Refrozen meltwater ponds in northeast Greenland seen during an April 2013 IceBridge flight. Image Credit: NASA/Michael Studinger
Scientists using satellite images and data from NASA’s Operation IceBridge have found evidence of a drained and refilled subglacial lake beneath northeastern Greenland’s Flade Ice Cap. This sub-ice body of water is only one of a handful that have been detected in Greenland and its presence sheds new light on how the Greenland Ice Sheet reacts to warming temperatures.
Subglacial lakes are relatively common in Antarctica, and although recent studies have mathematically predicted possible locations for hundreds of such features in Greenland, few have actually been found. Bodies of water beneath the ice are normally detected either with ice-penetrating radar or by observing rapid changes in ice surface elevation such as bulges or basins.
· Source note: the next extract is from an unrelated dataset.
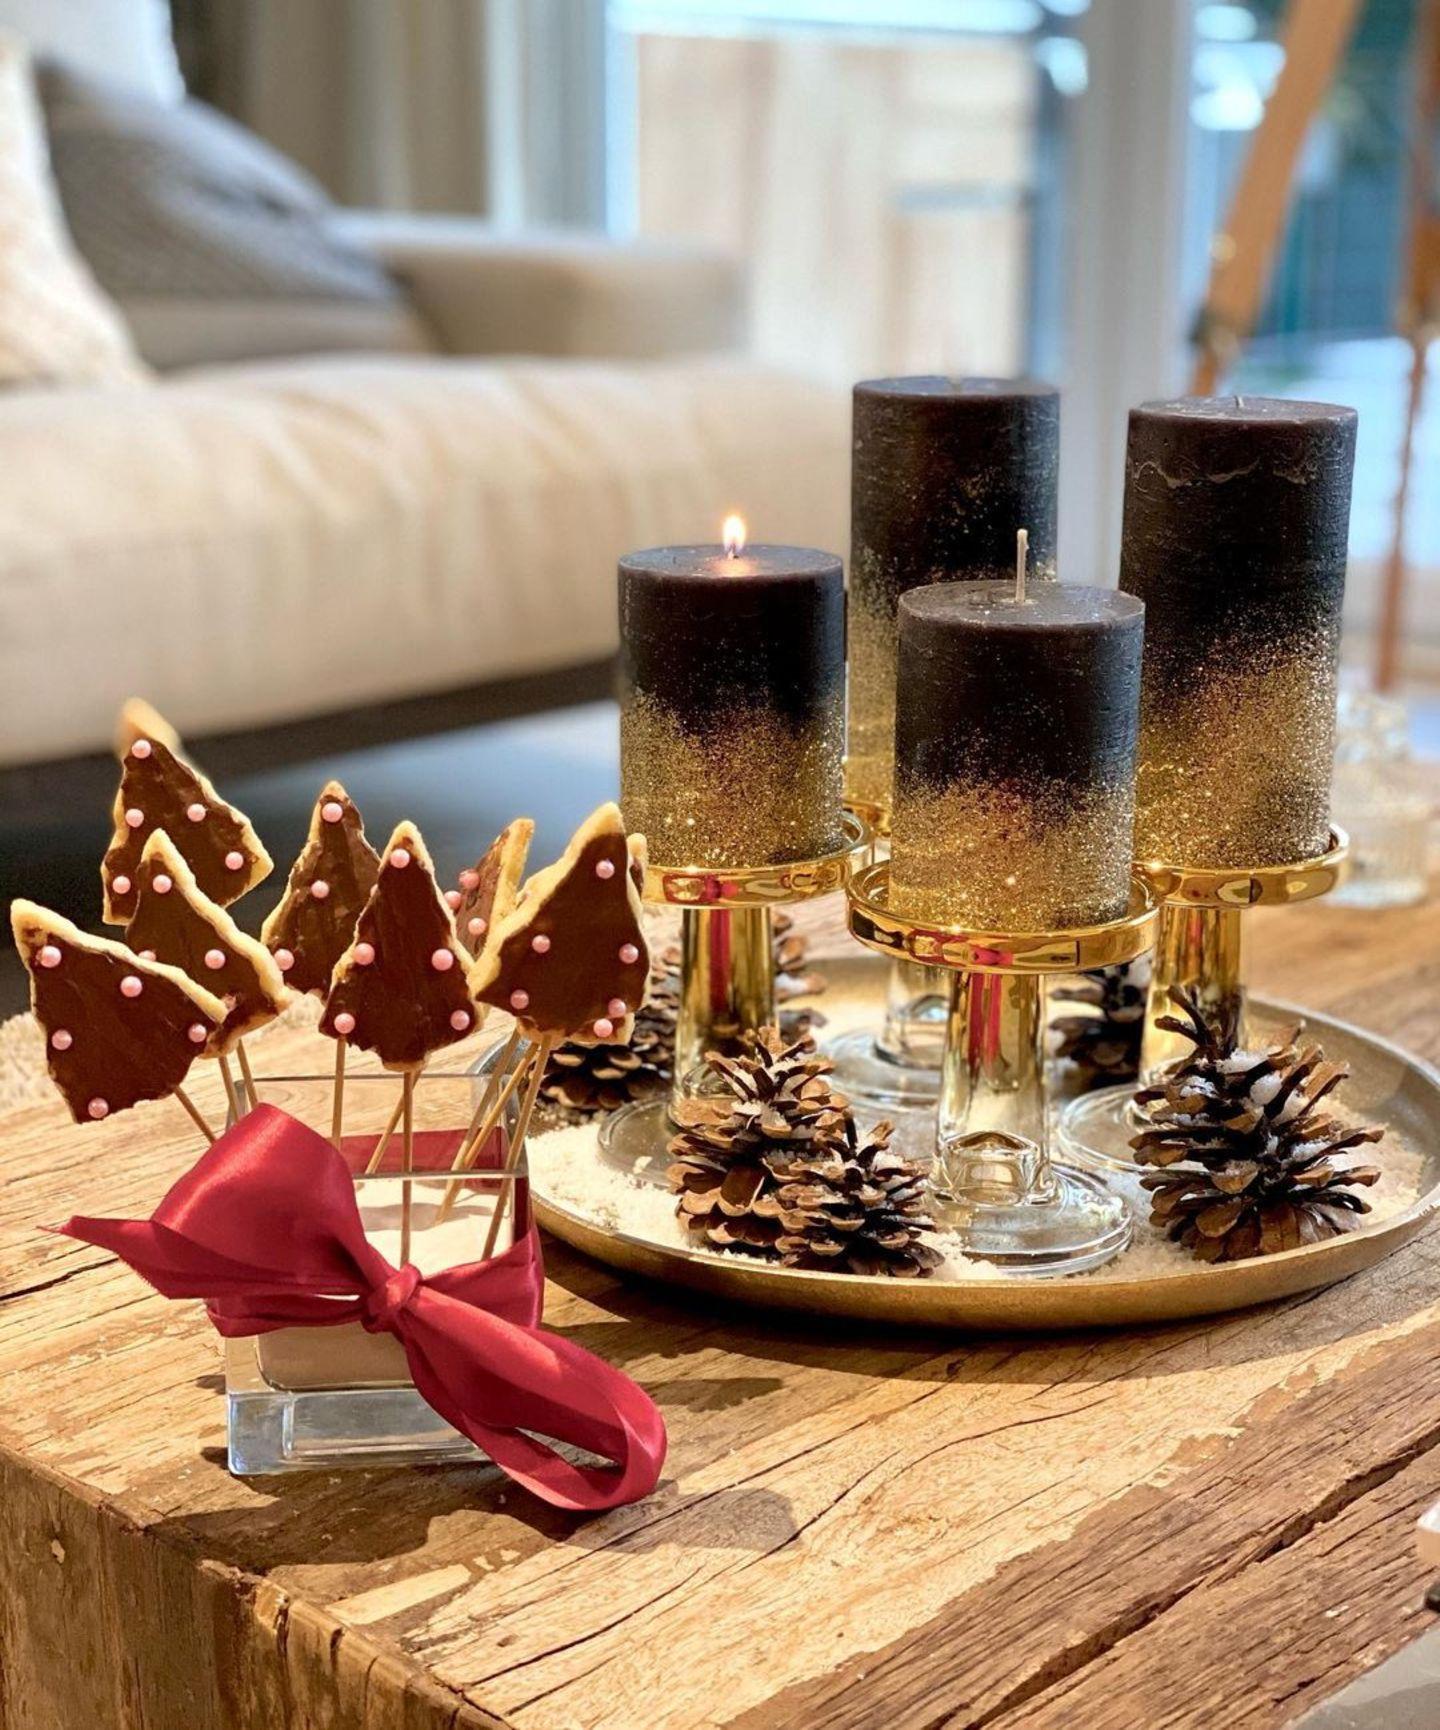 Für die gebürtige Brasilianerin Jana Ina Zarrella zählen viele Kekse und ein Adventskranz zu den schönsten deutschen Weihnachtstraditionen.

In a new study funded by the National Science Foundation and published in the Jan. 21 issue of the journal Nature, a research team led by Michael Willis, a glaciologist at Cornell University in Ithaca, New York, found a large basin that formed over a 21-day period in the summer of 2011 using satellite images. The size and rapid formation of this basin was consistent with a drained subglacial lake, but its location raised a question. Where did the water in the lake come from?
Subglacial lakes typically form at the base of an ice sheet or glacier because of either friction or trapped heat from bedrock below. In order for this to happen, ice needs to move quickly or be thick enough to protect the ice sheet base from cold air at the surface and trap heat coming from the bedrock below. But something else had to be at work here. The research team used weather data and ice thickness measurements from IceBridge flights to calculate the temperature beneath the ice and found that it was well below what’s needed for normal basal melt.
Continued observation showed that the basin floor rose significantly during the next summer at the same time that nearby surface meltwater drained into cracks along the basin’s edge. This led the team to hypothesize that water from surface melting was refilling a lake beneath the ice. Snow accumulation and ice movement accounted for a portion of the basin’s rise, with meltwater runoff estimates filling in the rest of the increase, supporting the hypothesis.
This finding points to the possibility of similar meltwater-filled subglacial lakes in other parts of Greenland. Existing research has shown an extensive network of sub-ice drainage channels in Greenland that are thought to quickly move surface melt along the bed and to the ocean. The presence of subglacial lakes in Greenland could affect how parts of the ice sheet move by adding heat to ice at the base and softening. Further research on subglacial lakes in Greenland will likely help researchers improve projections of how the ice sheet will change in response to future warming.